Some heterozygous SNPs within genes can result in one allele losing its ability to function as a transcript (i.e., heterozygous loss of function). Additionally, non-synonymous SNPs within the protein-coding sequence can cause a difference in the structure fitness of the protein coded from each allele. We studied the coordination between these effects and the genes that show ASE.
We first investigated the overlap between genes that exhibit ASE with genes that show loss of function on one allele due to a premature stop codon, a frame-shift or a disruption of an intron–exon splice site (all caused by heterozygous SNPs). We find four cases of genes that show ASE as well as heterozygous loss of function and in all four cases the allele that is expressed is opposite to the allele that has lost its ability to code for a protein. We speculate that in some of these cases the transcript from the allele suffering from a disruption might be degraded due to non-sense-mediated decay, which, in turn, might cause the ASE from the other allele.

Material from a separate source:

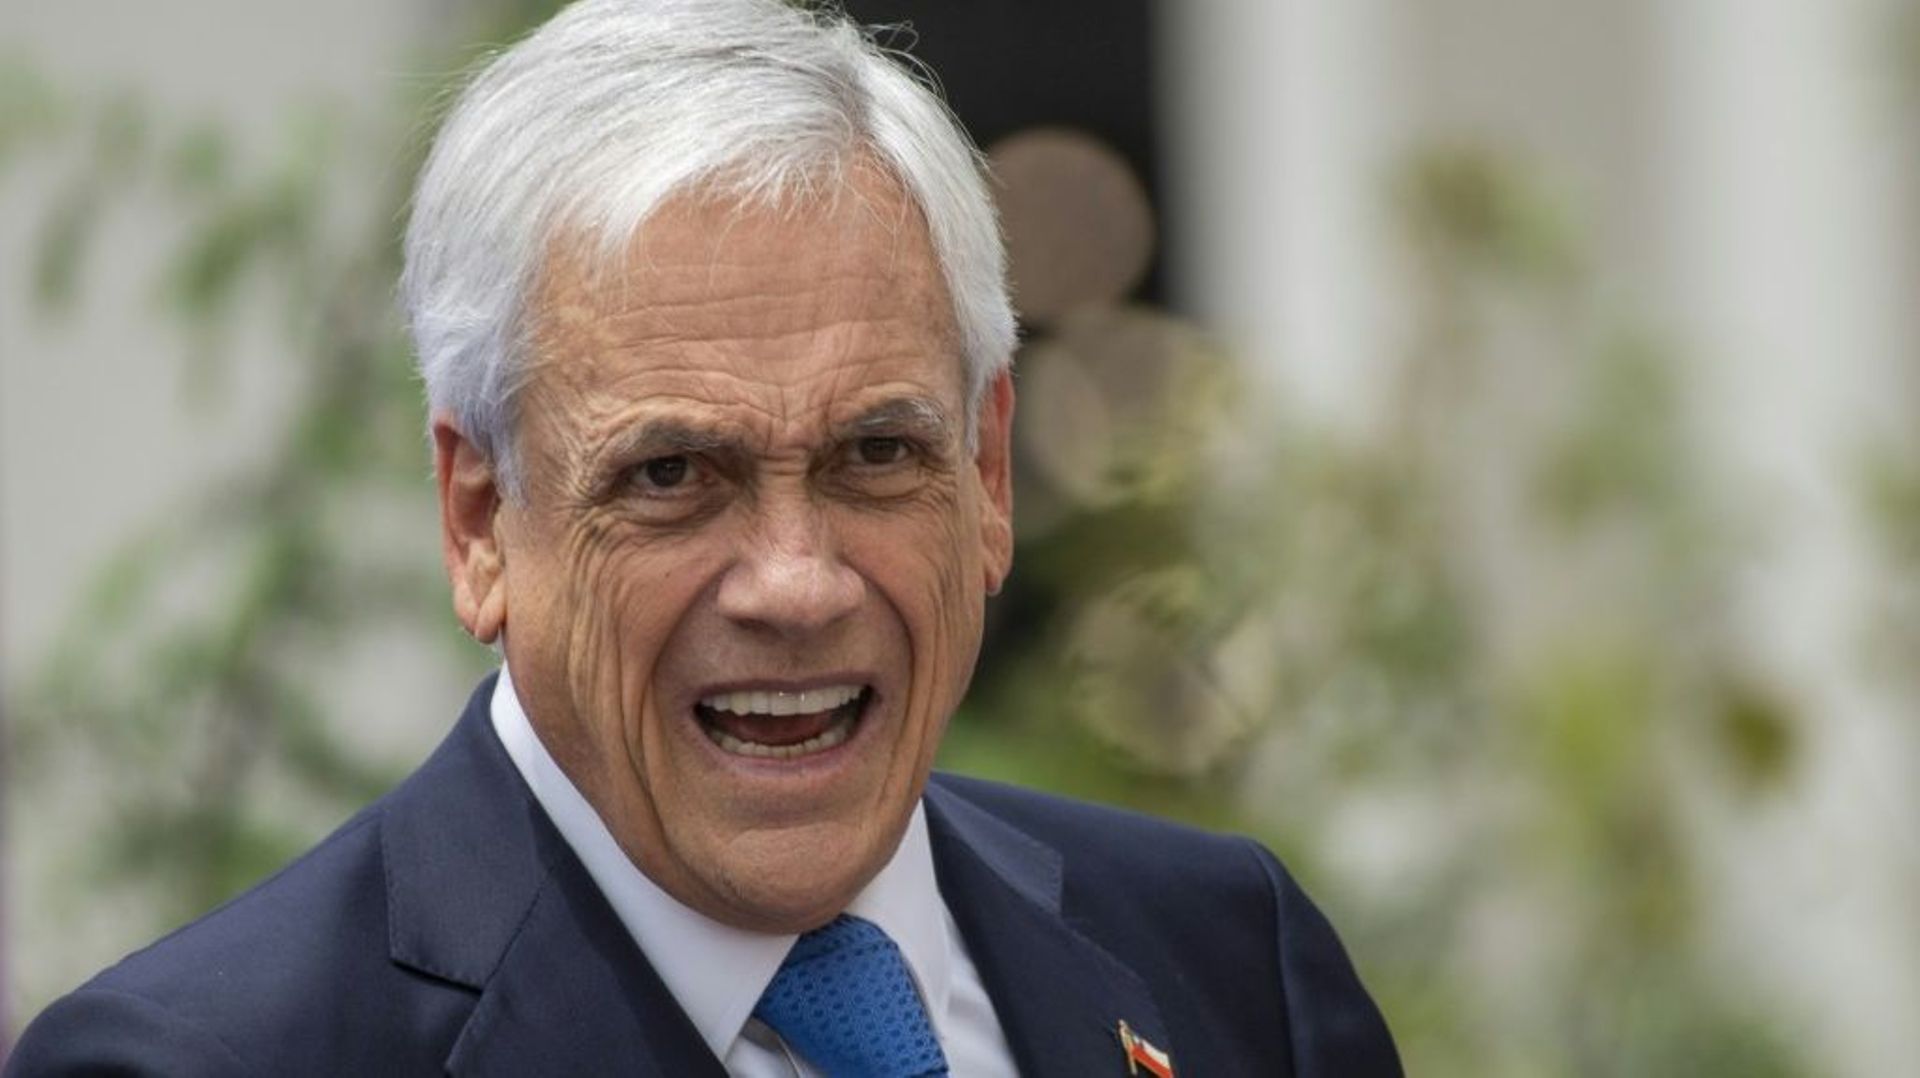 Le président chilien Sebastian Piñera, le 10 novembre 2021 à Santiago

Since some heterozygous SNPs that show ASE are within the protein-coding sequence of genes, it is natural to ask whether the allele that is expressed could track with allele-dependent structural changes (for SNPs in non-synonymous positions in the protein-coding sequence). However, it is not clear that we expect to find a correlation between structural fitness and ASE, as many of these SNPs are not selected for in the human population in any case. In order to assess whether the allele that is expressed (for genes showing ASE) is correlated with the allele containing mutations deleterious to protein structure we performed the following analysis. We compared the occurrences of ASE SNPs within genes where the SNP corresponds to a non-synonymous substitution within the protein-coding sequence of the gene. Using the tool SIFT (Ng and Henikoff, 2003), we can compare the preference of the allele that is expressed with the allele whose amino-acid sequence shows better structural fitness. We find that 20 of the 37 genes that meet these criteria show expression on the allele that has the protein sequence that has better fitness. While we find slightly more genes where the allele with better structural fitness occurs on the same allele that is expressed, this result is not significant.
In the upper panel of Figure 4, we present an example of the gene SKA3 on chromosome 13 which has multiple heterozygous SNPs within exons which show consistent maternal ASE which agrees with the maternal ASB of another heterozygous SNP within a Pol II binding site proximal to the 5′ end of the gene. In this example, we see coordinated maternal binding of Pol II with expression of the gene. In the lower panel of Figure 4, we present a similar example of a novel transcribed region on chromosome 4 where we see coordinated paternal binding of Pol II with the paternal expression of the novel TAR.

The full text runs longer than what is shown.